A cannabis high from smoking or vaping typically lasts 1 to 3 hours, with effects fading significantly after that but lingering for up to 6 hours total. Edibles last considerably longer, often 6 to 8 hours. The exact timeline depends on how you consumed it, how much you took, your tolerance, and your individual metabolism.
Smoking and Vaping: The Fastest Timeline
When you inhale cannabis, you feel the effects within seconds to a few minutes. The high builds quickly from there, with full effects peaking within about 30 minutes. Most people find the intense part of the experience winds down after 1 to 3 hours, but residual effects like mild relaxation, slower reaction time, or slight mental fogginess can persist for up to 6 hours. Some residual effects can even stretch to 24 hours, particularly with high doses.

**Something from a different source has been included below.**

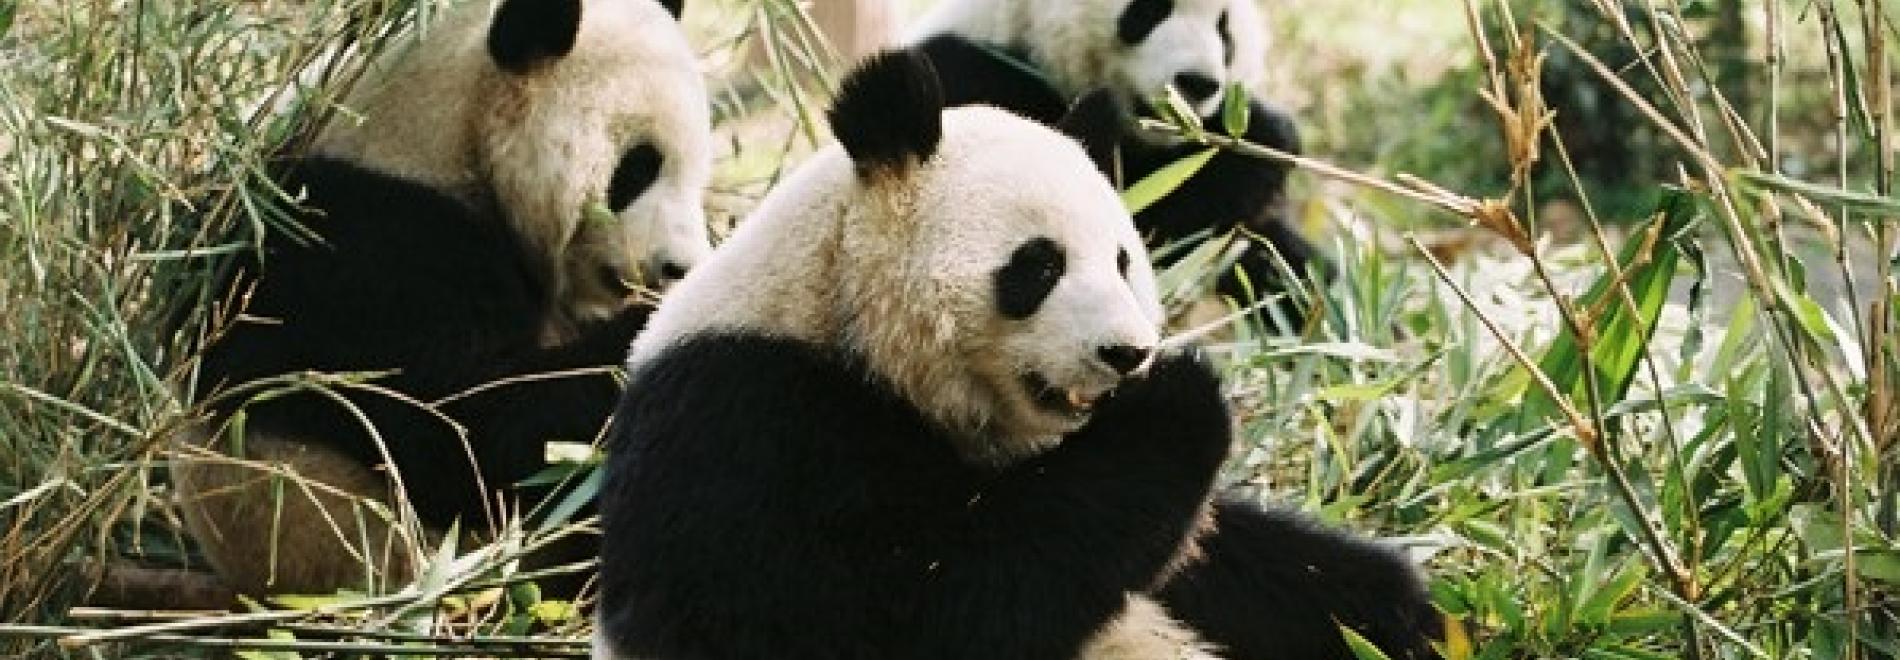 Giant Pandas, China
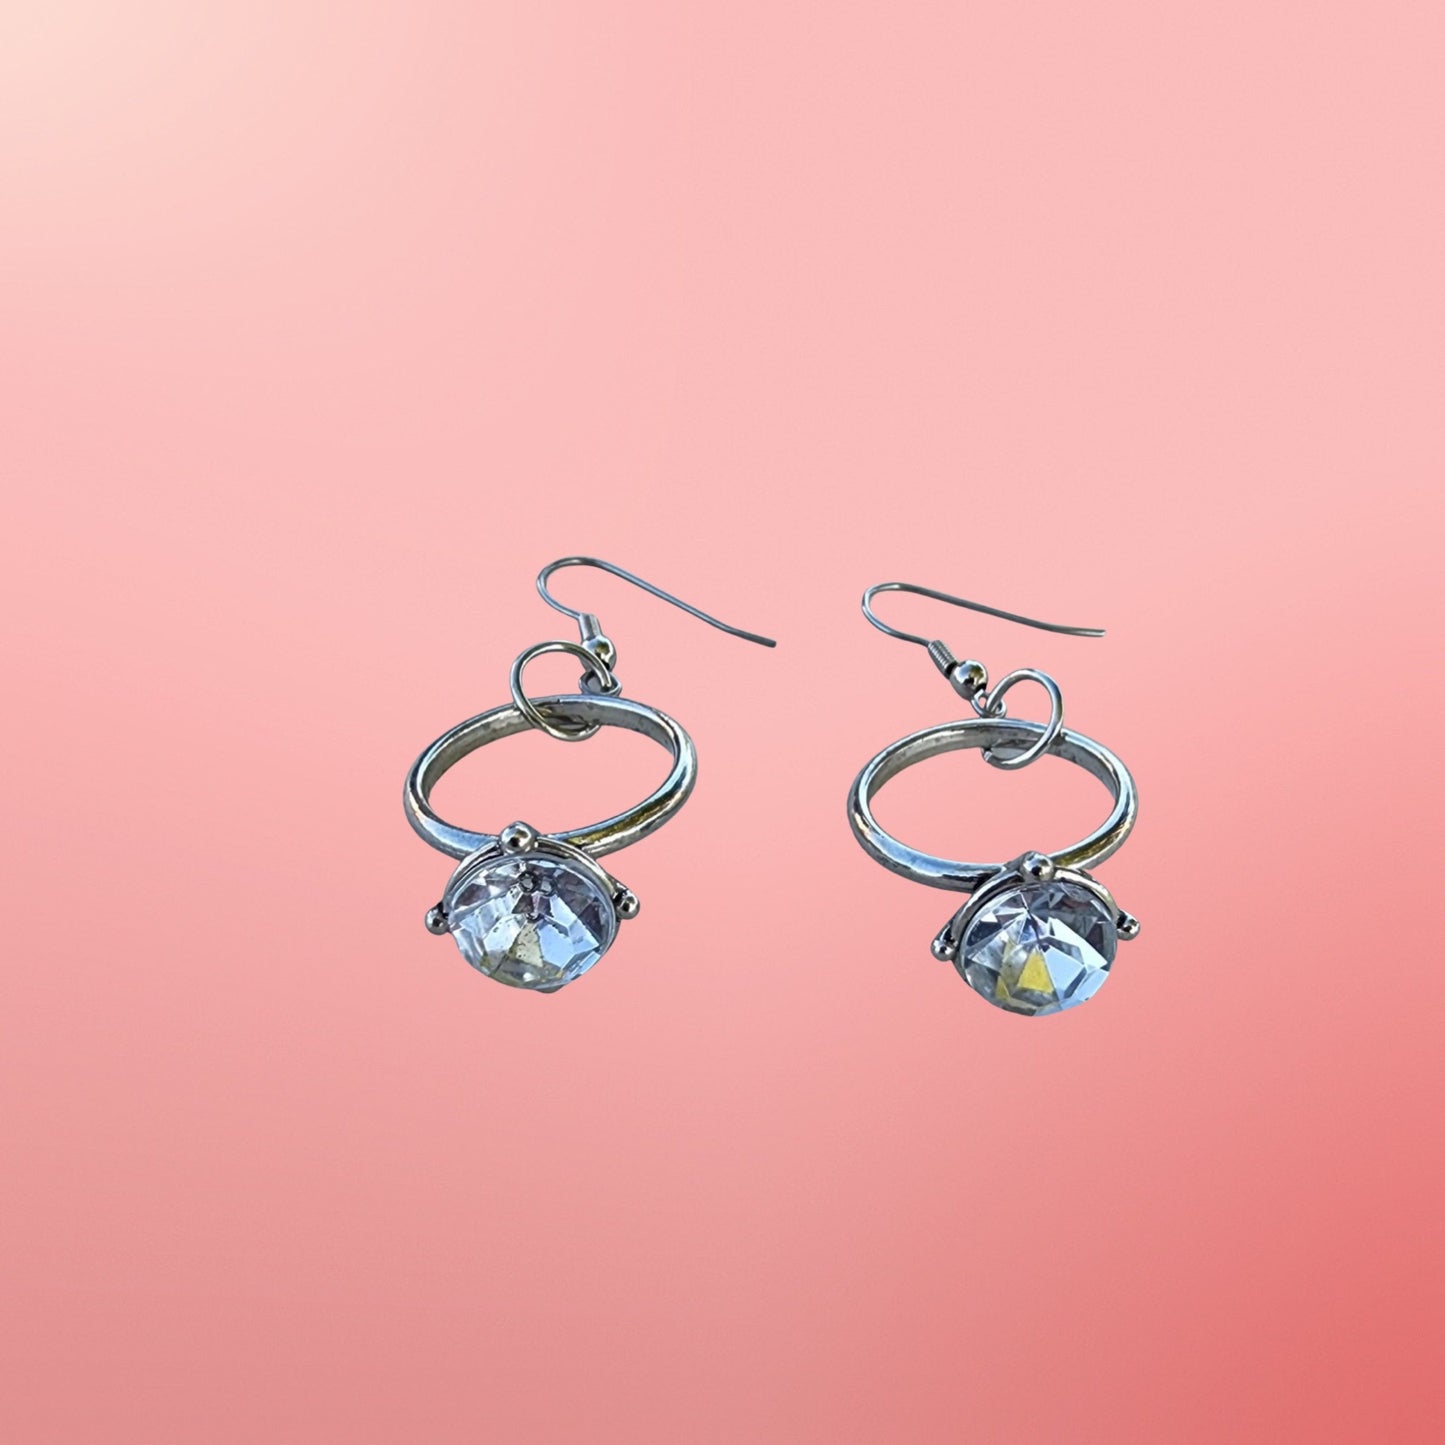 Diamond Ring Earrings

The reason inhalation hits fast and fades relatively quickly is straightforward: THC passes from your lungs directly into your bloodstream and reaches your brain almost immediately. Blood levels of THC drop fairly rapidly after that initial spike, and the subjective high follows.
Edibles: A Much Longer Experience
Edibles follow a completely different timeline. They typically take 30 to 60 minutes to kick in, though some people don’t feel anything for up to 2 hours. This delay is what catches people off guard and leads them to take more before the first dose has hit.

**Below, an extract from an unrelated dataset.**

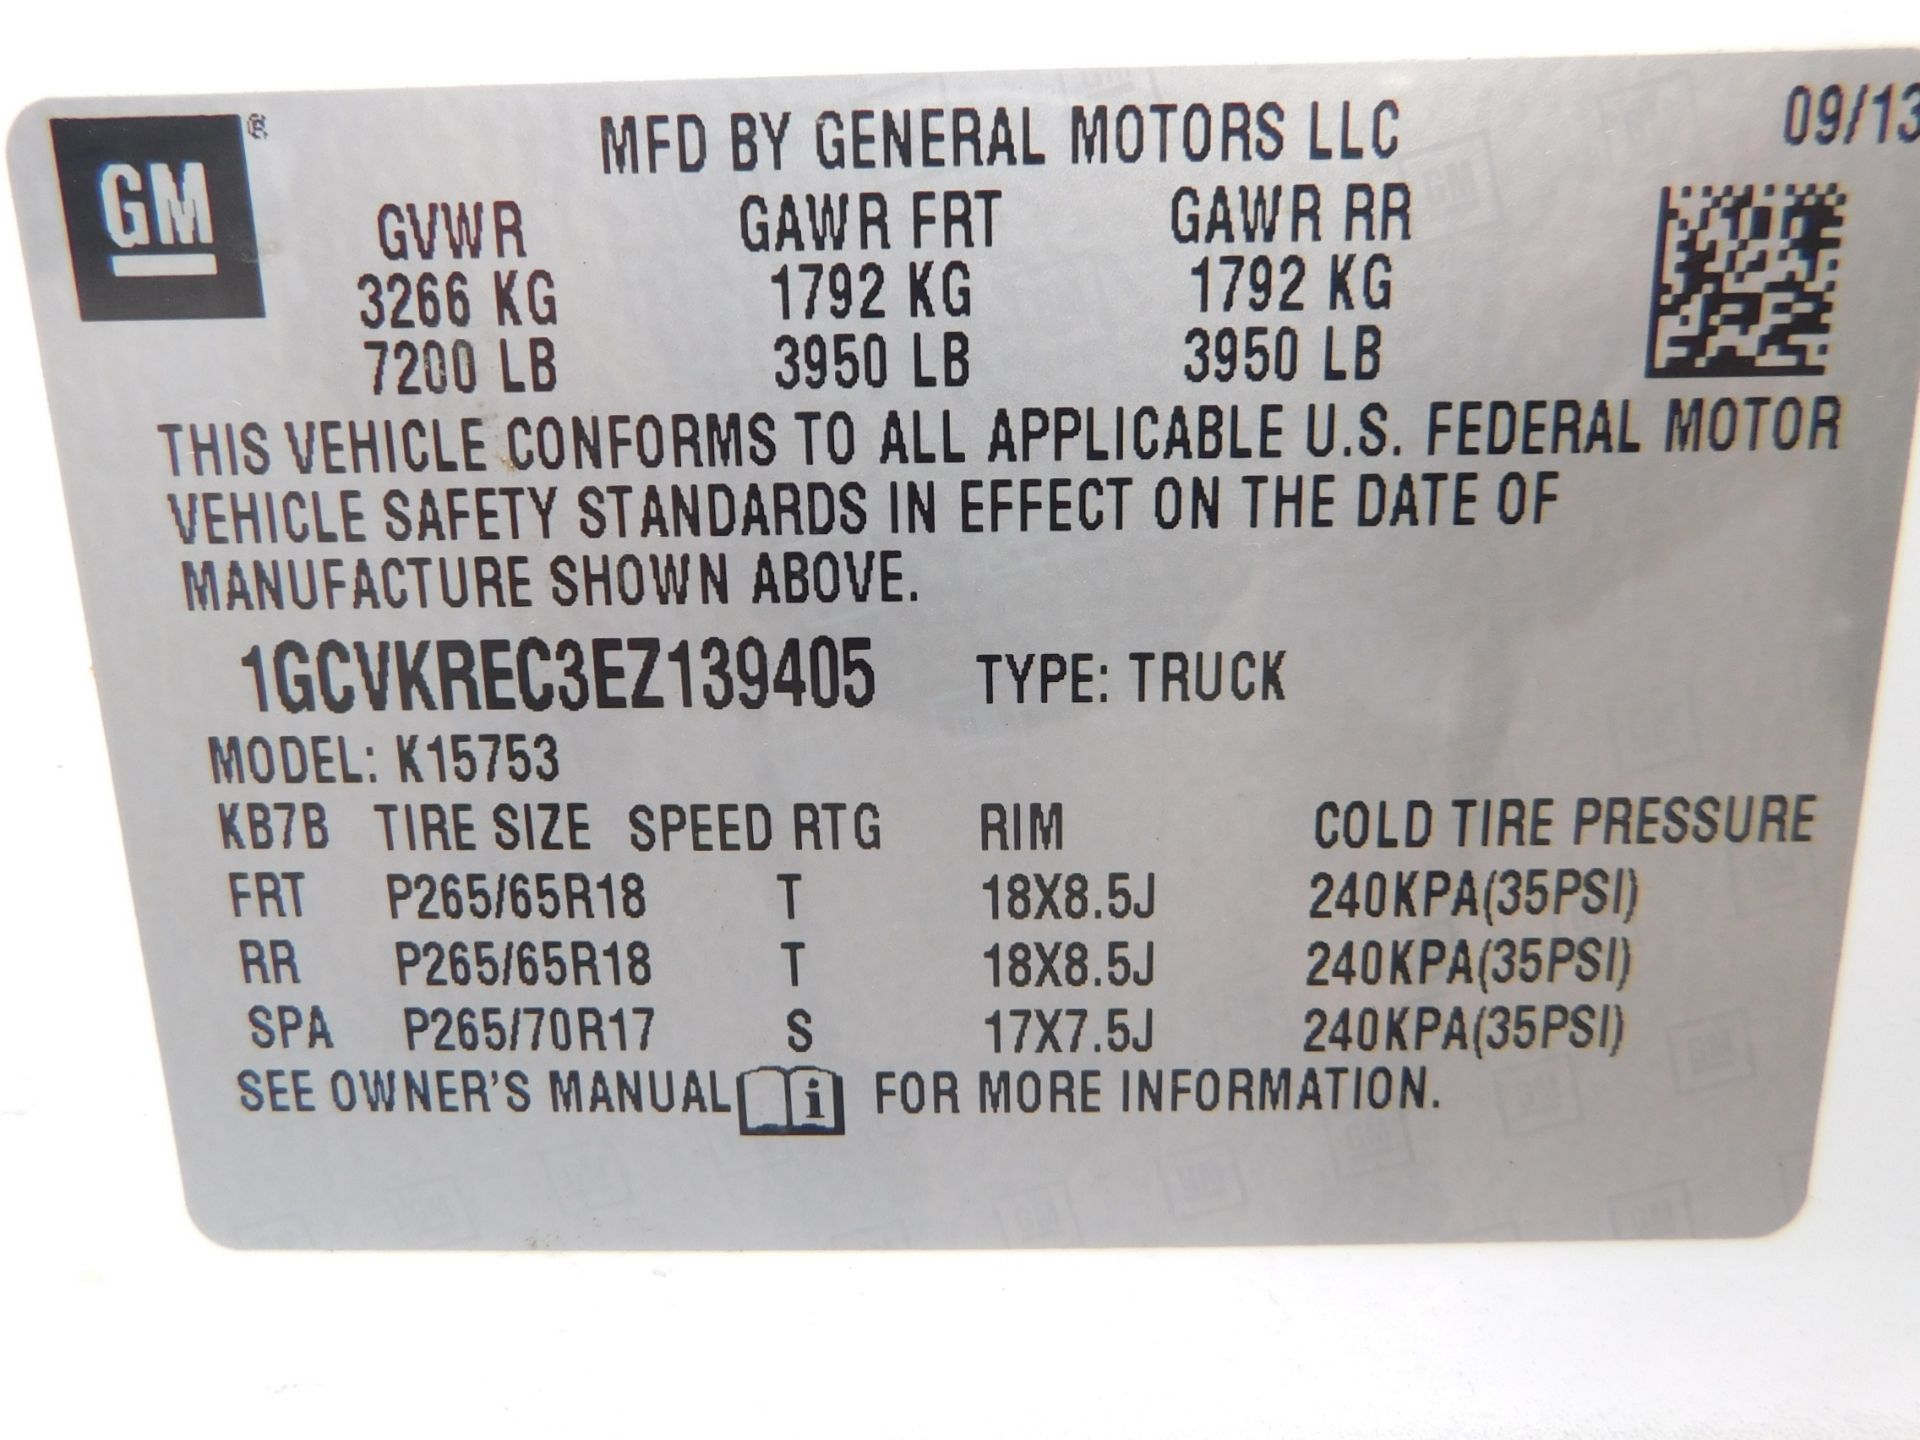 2014 Chevrolet Silverado LT Pickup, VIN 1GCVKREC3EZ139405, 4-Door 4 WD, Automatic, AM/FM, AC, Cruise - Image 21 of 51

Peak intensity arrives around 3 hours after eating an edible, which is dramatically later than the 30-minute peak from smoking. The total high generally lasts 6 to 8 hours, and stronger doses can push that even further. The reason for the extended timeline is that THC from edibles passes through your digestive system and liver before reaching your brain. Your liver converts it into a different active compound that crosses into the brain more effectively and sticks around longer.
This means if you ate an edible at 8 p.m. and it kicked in around 9, you could still be feeling effects at 3 or 4 a.m. Planning around this is important, especially if you have obligations the next morning.
What Affects How Long Your High Lasts
Two people can take the same amount of cannabis and have noticeably different experiences. Several factors explain why:
- Dose and potency: Higher THC concentrations produce a stronger, longer-lasting high. A 5 mg edible will wear off faster than a 25 mg one.
- Tolerance: Regular users metabolize THC more efficiently and typically experience shorter, less intense highs than occasional users.
- Body composition: THC is fat-soluble, meaning it gets stored in fat tissue. People with higher body fat percentages may process THC differently, and stored THC can contribute to lingering effects.
- What you’ve eaten: Taking edibles on an empty stomach can speed up onset and intensify the high. A full stomach slows absorption but can extend the duration.
The High vs. THC in Your System
There’s an important distinction between feeling high and having THC in your body. The psychoactive effects of cannabis, the part you actually feel, fade long before THC fully leaves your system. The metabolites that drug tests detect are not the same compounds that get you high. THC byproducts can show up in urine for days, weeks, or even beyond 28 days in heavy users, but that doesn’t mean you’re impaired for that entire time.
That said, the window of actual impairment extends beyond the period where you feel noticeably high. Reaction time, coordination, and judgment can remain subtly affected even after the euphoria has worn off. This is especially relevant for driving. The CDC notes that connecting THC blood concentration to driving impairment for any individual person is difficult, and recommends the safest option is simply not driving after using cannabis at all.
The Next-Day Hangover
Some people feel completely fine the morning after using cannabis. Others experience what’s commonly called a “weed hangover,” with symptoms like fatigue, brain fog, dry mouth, dry eyes, headaches, or mild nausea. Research on this has been mixed. A 2019 study found that smoking cannabis could lead to daytime fatigue the following day, and an older study linked it to irritability and feeling generally off. But many studies in a 2023 review found no significant next-day cognitive effects.
Whether you get a cannabis hangover depends on the dose, the form you used, and your personal tolerance. High doses and edibles are more likely to produce next-day grogginess, partly because THC blood levels can still be elevated the morning after. There’s no set duration for these symptoms, but they typically resolve on their own within a few hours of waking.
Can You Sober Up Faster?
The honest answer is: not really. You’ll find plenty of suggestions online, from chewing black peppercorns to sniffing lemon peel, but the evidence behind these remedies is thin. Black pepper contains a compound associated with anxiety reduction in animal studies, but no clinical trials have tested whether it actually reduces cannabis-related anxiety in humans. Even if it worked, nobody knows how much you’d need to eat to get an effect.
CBD is sometimes suggested as a counterbalance to THC, but using it after you’re already high isn’t a reliable off switch. The more practical approach, if you’re concerned about being too high, is to use lower-THC products or balanced THC-to-CBD products in the first place.
What does help while you wait it out: hydrating, eating something, resting in a comfortable environment, and reminding yourself the feeling is temporary. Distraction works surprisingly well. A familiar TV show, calm music, or a simple activity can make the time pass faster while your body does the actual work of clearing THC from your brain.